During Holy Week, New York City’s Museum of Modern Art featured the film, “The Pope’s Toilet.” Filmed in Spanish with English subtitles, the movie revolves around a visit by Pope John Paul II to the poor town of Melo, Uruguay near the Brazilian border. Anticipating the arrival of the pope, townspeople become vendors hawking food and drinks. One of them decides to cash in on the food consumption and sets up a pay public restroom. The film is the work of two Uruguayans: writer Enrique Fernández and cinematographer César Charlone.

This movie wouldn’t have caught our attention except for its venue and timing.
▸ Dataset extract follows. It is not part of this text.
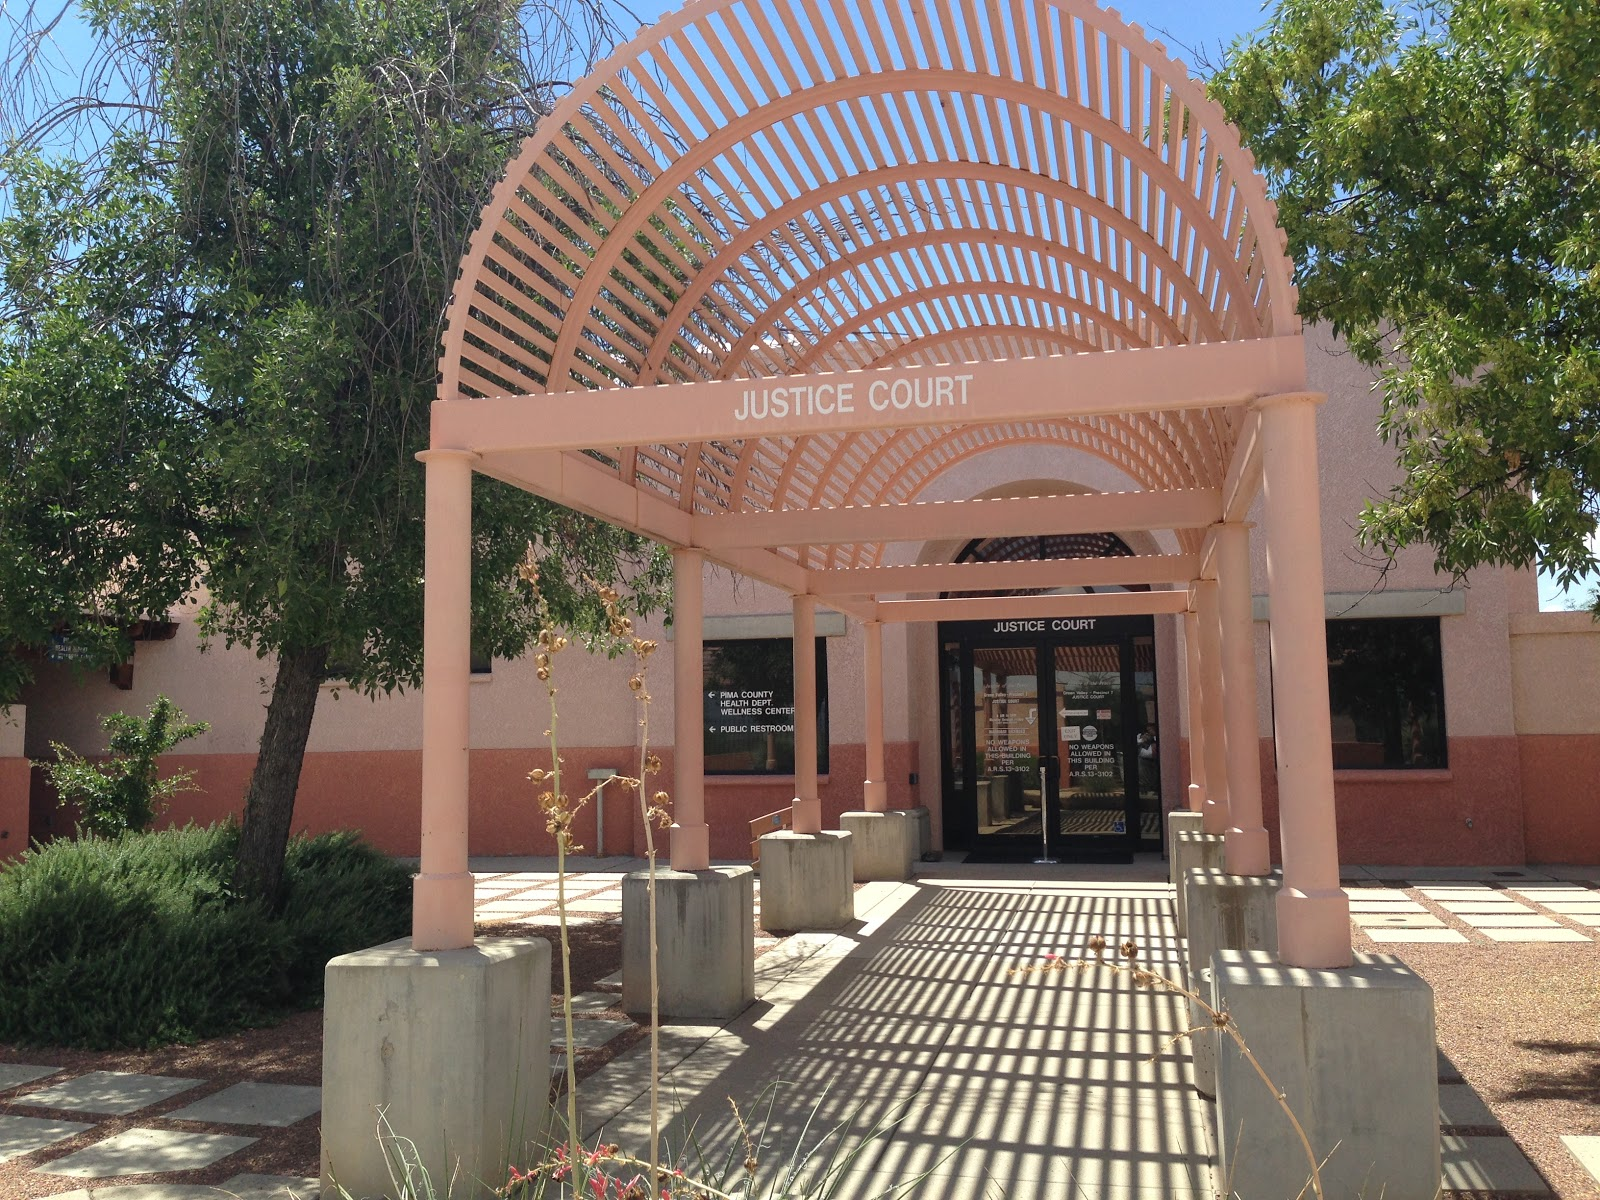 Arizona Real Estate Blog: Green Valley Justice Court - Pima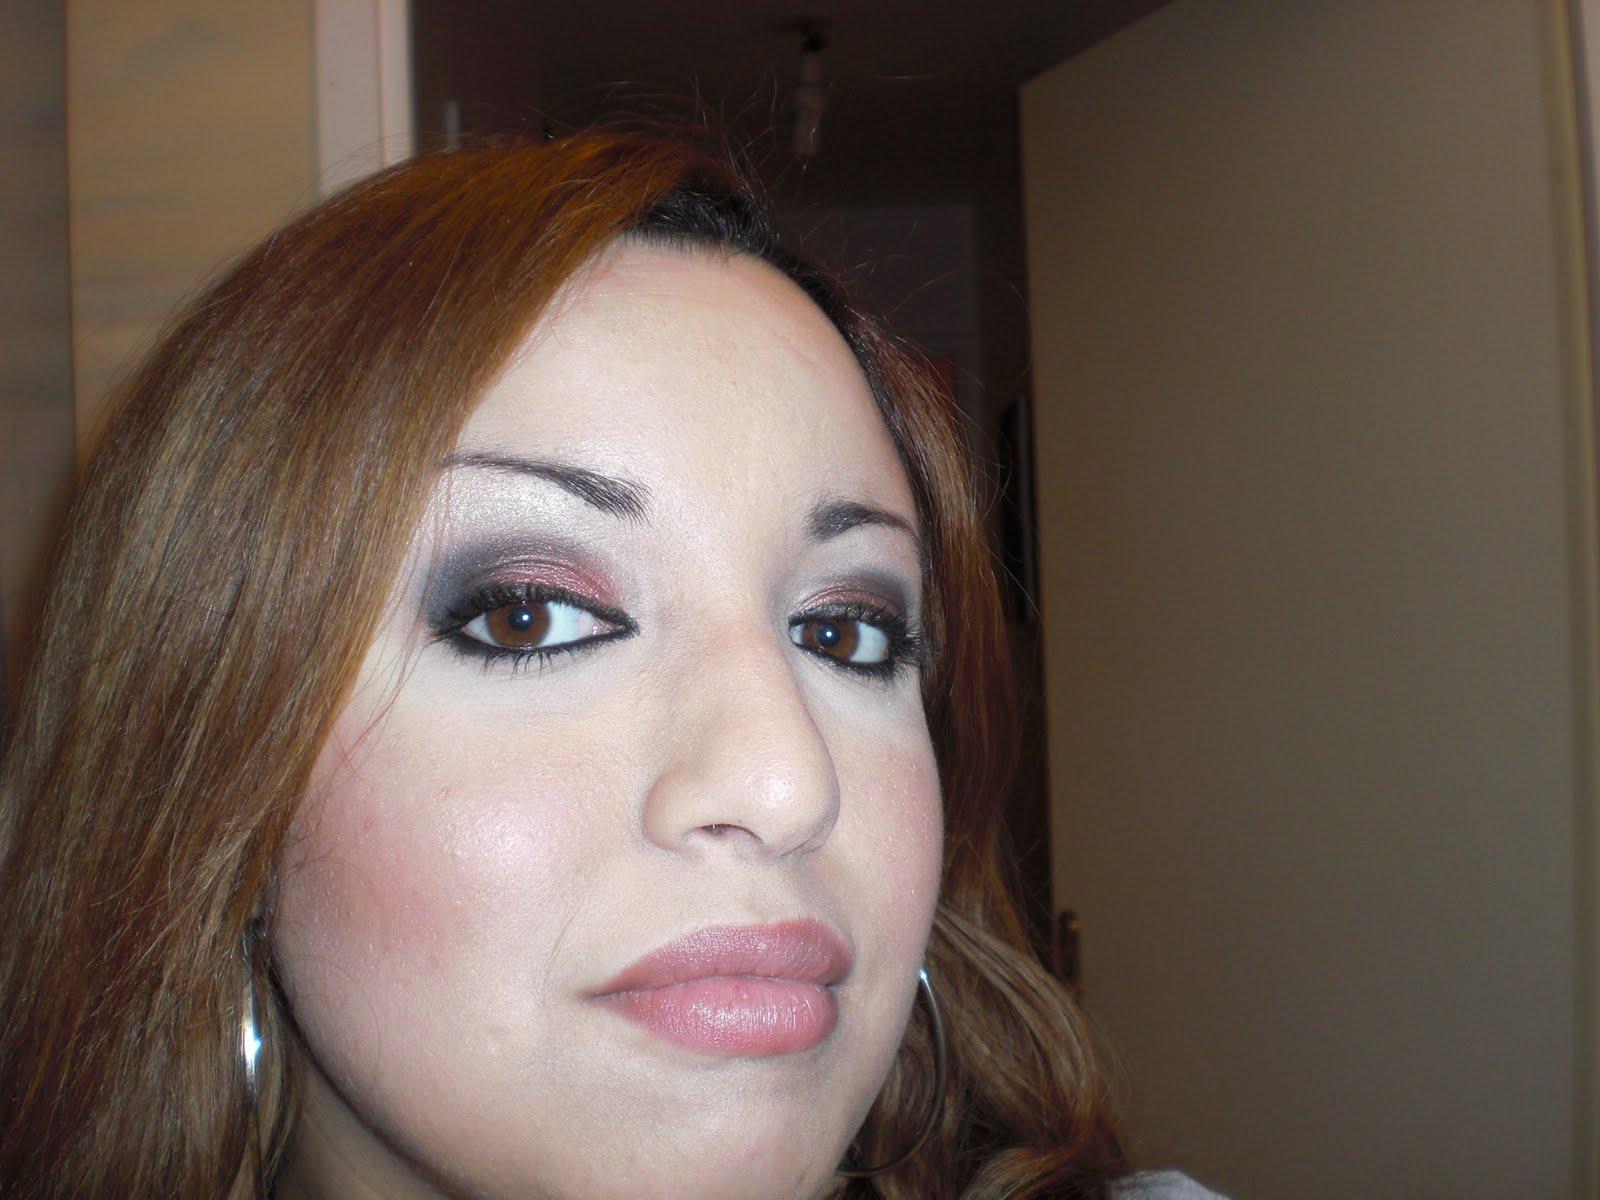 Big dolls boudoir maquillage du soir smoky eyes - Maquillage smoky eyes ...

The movie, which debuted two years ago, was deliberately shown during Holy Week and ended on Easter Monday. Also, it’s not as if it was being shown at some run-down theatre, it was showcased at the Museum of Modern Art.

The New York Times said the film takes an “oblique dig at a church that, the movie suggests, may have failed its most disadvantaged followers.” When it was shown at a Toronto Film Festival, it was described as blending “the sacred and profane.” Which explains why V.A. Musetto of the New York Post—who has never found a Catholic-bashing flick he didn’t love—gave it three stars.

The person responsible for all of this is Laurence Kardish, senior curator in the Department of Film at the Museum of Modern Art. He didn’t choose this film without deliberation. Indeed, he admits to previewing “more films than there are hours in the year.” And “The Pope’s Toilet” beat out all competitors. We checked to see what Muslims were treated to at Ramadan and found that “Hollywood on the Hudson: Filmmaking in New York, 1920-39” was featured then. When Jews celebrated Yom Kippur, a movie about African patriarchy was shown, “Delwende.” Which makes his choice of “The Pope’s Toilet” at Eastertime take on greater meaning.